[HN Gopher] Optimizing global message transit latency: a journey...
___________________________________________________________________
Optimizing global message transit latency: a journey through TCP
configuration
Author : amnonbc
Score : 34 points
Date : 2024-08-19 14:40 UTC (8 hours ago)
(HTM) web link (ably.com)
(TXT) w3m dump (ably.com)
| vrnvu wrote:
| I always enjoy reading posts about optimization like this one.
|
| Optimizing a running service is often underrated. Many engineers
| focus on scaling horizontally or vertically, adding more
| instances or using more powerful machines to solve problems. But
| there's a third option: service optimization, which offers
| significant benefits.
|
| Whether it's tuning TCP configurations or profiling to identify
| CPU and memory bottlenecks, optimizing the service itself can
| lead to better performance and cost savings. It's a smart
| approach that shouldn't be overlooked.
| jeffbee wrote:
| Reupping my assertion that kernel network protocol stacks are
| painfully obsolete in a world of containers, namespaces, and
| virtual machines. Default parameters are trying to balance
| competing interests, none of which will be relevant to your use
| case. Userspace protocol stacks are more aligned with the end-to-
| end principle. QUIC is a convenient compromise that moves most of
| the complexity up into the application while still benefitting
| from the kernel UDP stack with relatively fewer knobs.
| electricshampo1 wrote:
| On prod servers I see a bunch of frontend stalls & code misses
| in the L2 for the kernel tcp stack; having each process
| statically embed its own network stack may make that worse
| (though using dynamic shared quic lib for ex. in userspace
| shared across multiple processes partially addresses that but
| with other tradeoffs).
|
| Of course depending on usecase etc the benefit from first-order
| network behavior improvements is almost certainly more
| important than the second-order cache pollution effects of
| replicated/seperate network stacks.
| jeffbee wrote:
| When using a userspace stack you can (and should!) optimize
| your program during and after link to put hot code together
| on same/nearby lines and pages.

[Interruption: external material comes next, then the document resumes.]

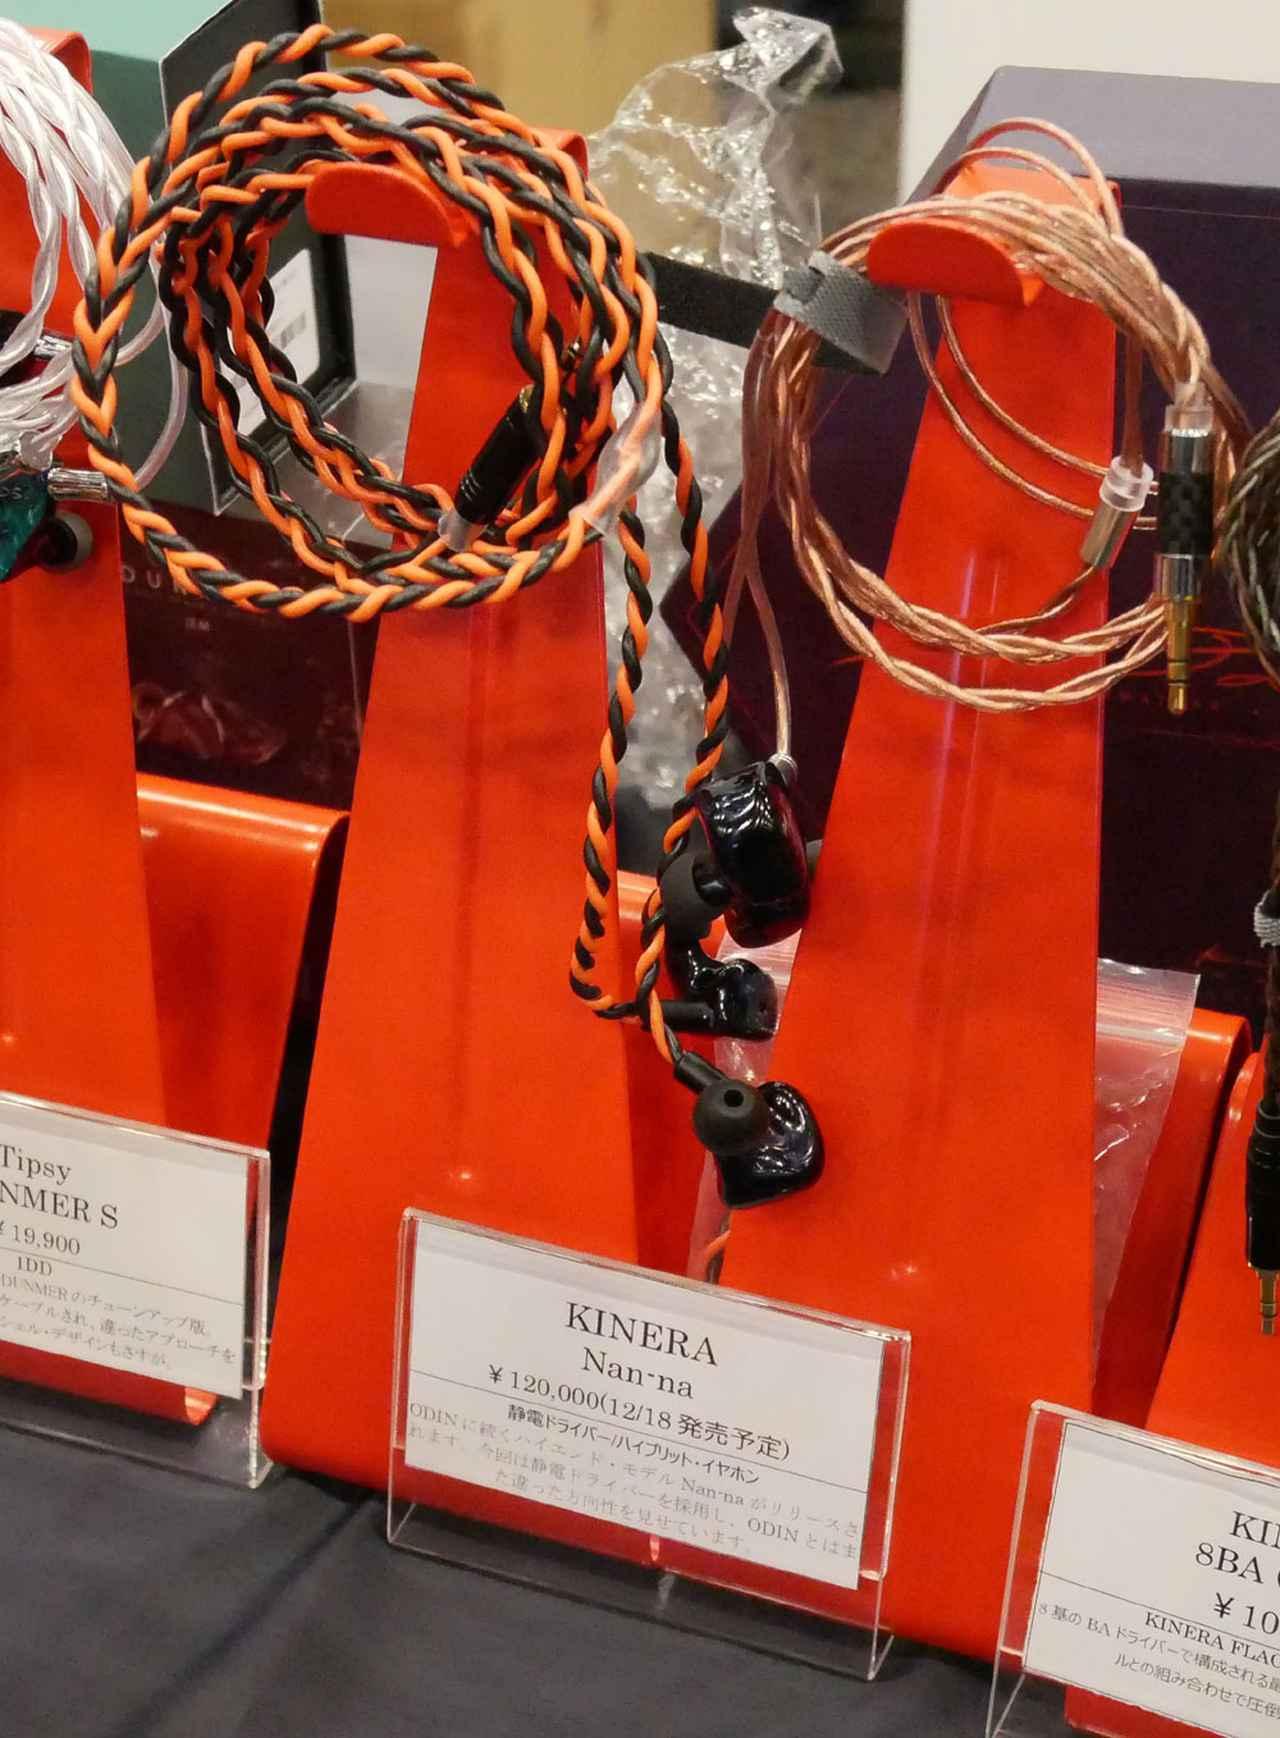 画像: ▲ミミソラオーディオブースでは、Kineraブランドの有線イヤホン「Man-na」に注目。静電ドライバーを内蔵したユニバーサルイヤホンで、来週12月18日に発売予定。価格は¥120,000。日本仕様にはイヤホンケーブルが2種類セットになるそうで、オレンジと黒を撚線にしたものが特注品。特注ケーブルは、音場感がより広く、ボーカルがより浮き出てくるような再現性だった

You cannot do this or
| anything approximating this between an application and the
| Linux kernel. When Linux is built the linker doesn't know
| which parts of its sprawling network stack are hot or cold.
| tbarbugli wrote:
| Nice article which matches my experience when it comes to
| optimizing for performance: Linux defaults are never good
| defaults and you don't need webscale or anything before you get
| bitten by them.
|
| To make a few examples: on many distributions you get 1024 as the
| file limits, 4KB of shared memory (shmall) and Nagle's algorithm
| is enabled by default.
|
| Another thing that we noticed at work (shameless plug to
| getstream.io) when it comes to tail latency for APIs / HTTP
| services:
|
| - TLS over HTTP is annoyingly slow (too many roundtrips)
|
| - Having edge nodes / POPs close to end-users greatly improves
| tail latency (and reduces latency related errors). This works
| incredibly well for simple relays (the "weak" link has lower
| latency)
|
| - QUIC is awesome
| pocketarc wrote:
| That honestly just makes me think: Is there a distro where this
| isn't the case? Where the defaults are set up for performance
| in a modern server context, with the expectation that the
| system will be admin'd by someone technical who knows the
| tradeoffs? Heck, the decisions + tradeoffs can all be
| documented in docs.
|
| Is there a reason I'm missing why this wouldn't be worth
| jumping on?
| kevincox wrote:
| > 1024 as the file limits
|
| https://0pointer.net/blog/file-descriptor-limits.html is a good
| overview of the unfortunate reason why this is and how it
| should be handled.
| divbzero wrote:
| Are there any Linux distributions (or packages) that apply the
| best network configurations by default?
| iscmt wrote:
| Wrote my Computer Networking final last Friday. Some parts of TCP
| felt dry to study, but it's incredible to see how those same
| concepts are being used for optimization.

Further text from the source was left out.